Step 3: Load into F-Spot
F-Spot is a great application, once you tame it. In it’s wild form, its a bit invasive, for my taste. I've configured my F-Spot to use “~/photos/main” as its photo directory, but I don’t let it mess with the structure of that directory. Occasionally I import photos using F-Spot’s GUI, always telling F-Spot to not copy the files but to just use the existing copies. But this gets very tedious. So, instead, I usually use a python script (“rn.py”, included in the repository) to import the photos:
yuri@chai:~/gk/git/photolab/mainline$ cp /home/yuri/.gnome2/f-spot/photos.db
~/tmp/
yuri@chai:~/git/photolab/mainline$ python fspot.py import
/home/yuri/photos/main/2007.09-Fall-2007/2007.09.11
Yes, I always make a backup of F-Spot’s database file before doing this.
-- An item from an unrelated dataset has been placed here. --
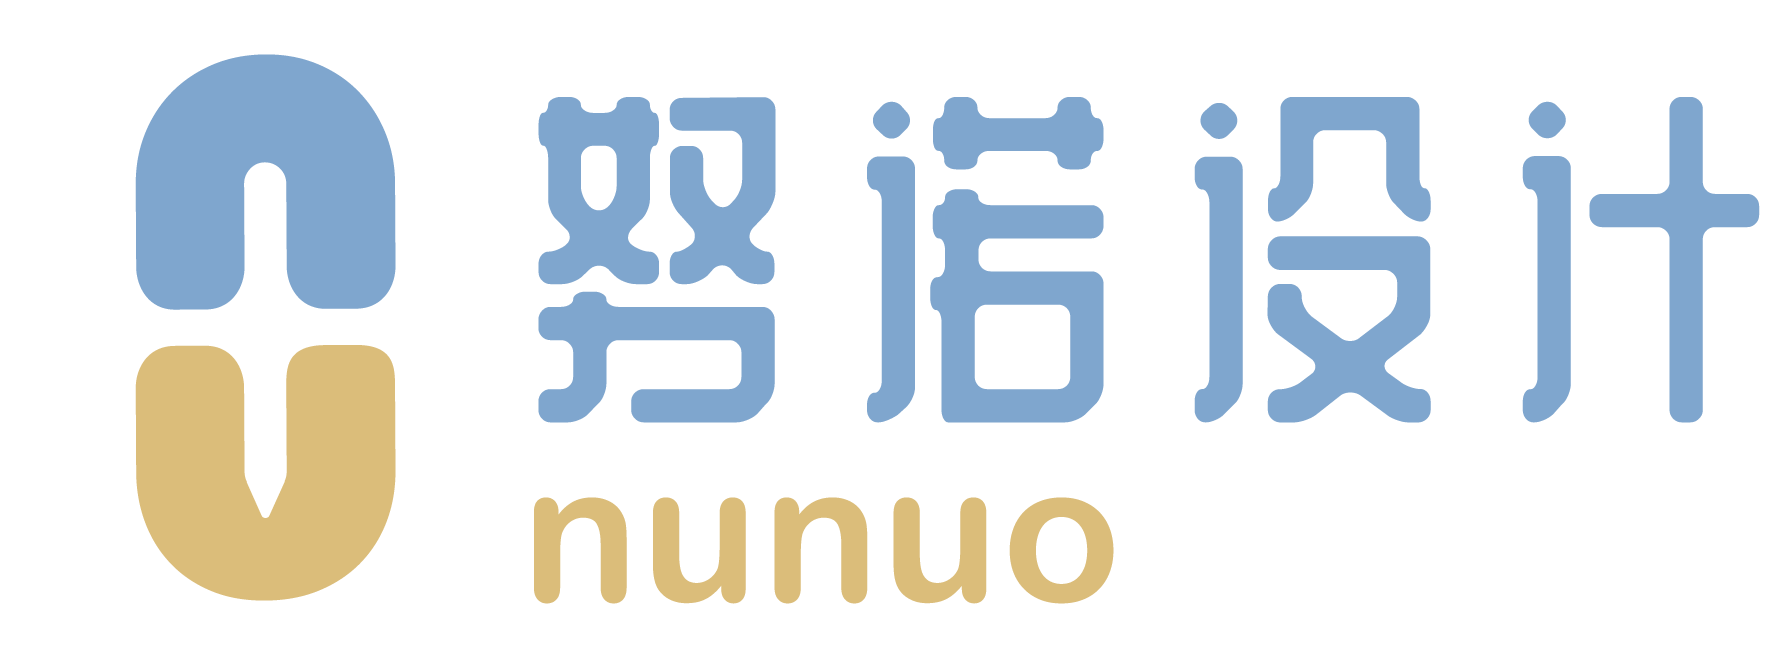 Nunuo

I recommend that everyone does the same. Oh, and you need to make sure that F-Spot is not running while you do this.
Step 4: Add Tags using F-Spot
I then open F-Spot and use it’s GUI to add tags to my photos.
Step 5: Generate Thumbnails and Smaller Images
I use ImageMagick to generate the thumbnails and mid-size versions of the images to display on the website. I use version “6.3.6”, which supports “—autorotate”. With this flag, ImageMagick will check each image’s EXIF record for the camera orientation and rotate the image if necessary. As of January 2008, using version 6.3.6 on Ubuntu meant compiling ImageMagick by hand, which is a bit of a pain in the a#&: you need to make sure that you have JPEG libraries installed before you build ImageMagick. Oh, and if you build it with PNG support, then some things stop working in Gnome…
I keep my resized images in “~/photos/sized”. When I need to resize images, I run “makethumbdir.py” (also included in the repository).
yuri@chai:~/photos/thumbscripts$ python makethumbdir.py
/home/yuri/photos/main/2007.09-Fall-2007/2007.09.11-d-taj
> make_thumbs.sh
This creates directories under “~/photos/sized” for each directory since 2007.09.11-d-taj and a shell script (make_thumbs.sh) which copies each file into the corresponding directory twice (once for a thumbnail and once for a mid-sized version for showing on the web), then calls ImageMagick’s “convert” on it:
/usr/local/bin/convert "/home/yuri/photos/main/2007.09-Fall-2007/2007.09.11-d-taj/20070911_402_4296.JPG"
-size 300x300 -auto-orient -thumbnail 150x150
/home/yuri/photos/sized/2007-09-11-d-taj/20070911_402_4296.thumb.jpg
I then run the shell script:
yuri@chai:~/photos/thumbscripts$ sh make_thumbs.sh
Step 6: Copy the Images to the Server.
I use “scp” to copy the images to my server. Nothing fancy about this. Perhaps the only trick is finding a host that is generous with disk space. I use DreamHost. (If you decide to open an account, use “YURI50BUCKS” promotion code to get $50 off.)
Step 7: Load the Images into My Web Application.
Again, the custom web application that I am using is too messy to release, but the basic idea is simple: I have F-Spot’s database file which has tags among other things. I want to load this information into my web app. I again use “fspot.py” for this, but this time as a module called from another script (updatePhotos.py). I am including this script in the repository just as example.